More people should read that story.

------
nmj
Kind of sick of hearing government officials saying encryption is evil. This
stance is disingenuous at best and dangerous at worst.

------
mtgx
Jesus, NYT. Is it even _confirmed_ that they couldn't see what they were doing
"because they used encrypted apps", or is that just an _assumption_ of
"anonymous officials"?

Upon loading the post and reading the first paragraph:

> _American and French officials say there is still no definitive evidence to
> back up their presumption that the terrorists who massacred 129 people in
> Paris used new, difficult-to-crack encryption technologies to organize the
> plot._

Oh. Well there you go. I really don't see the point of these media entities
letting themselves _played_ like this by the authorities to spread their false
propaganda then.
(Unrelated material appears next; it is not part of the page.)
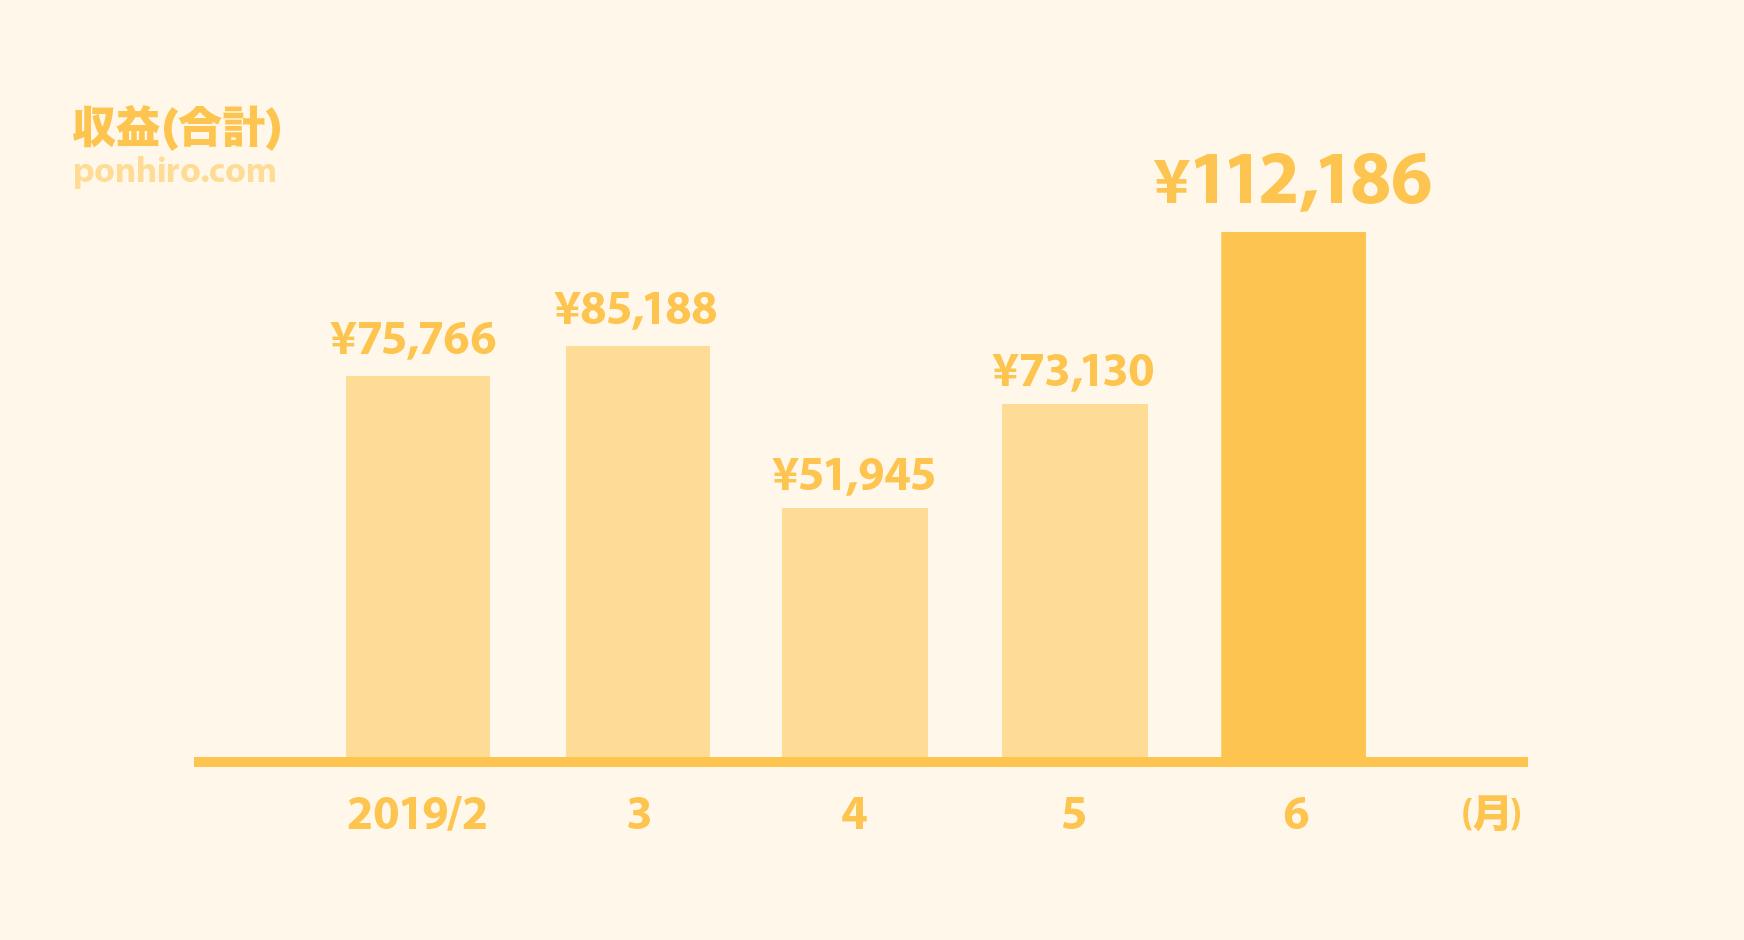 ブログ運営報告5ヶ月目-全体収益合計

The bodies weren't even cold yet and they started spreading
this anti-encryption message on TV. Because they couldn't have possibly
admitted that maybe - just maybe - it's the intelligence agencies that screwed
up and they have to take responsibility for it, like it should happen in any
democratic country, instead of pointing fingers at others. I wonder what
they'll say next if we discover these terrorists _weren 't_ actually using
encrypted channels to communicate.

------
lvs
It's almost like they were ready and waiting with the talking points...
Hmmm...

[https://www.techdirt.com/articles/20150916/15570332276/havin...](https://www.techdirt.com/articles/20150916/15570332276/having-
lost-debate-backdooring-encryption-intelligence-community-plans-to-wait-until-
next-terrorist-attack.shtml)

------
teaneedz
Personally, I thought this tweet was spot on:
[https://twitter.com/marasawr/status/666467808071573504](https://twitter.com/marasawr/status/666467808071573504)

------
digitalzombie
Encrypted Messaging isn't the problem.

They should have better boarder control, background check on people before
letting them in, communication with other countries, and better integration.
Also perhaps programs for more tolerant people, and ease/integrate immigrants
in instead of more religious and toward the extreme end of the spectrum.

There are many other solutions without sacrificing freedom and privacy.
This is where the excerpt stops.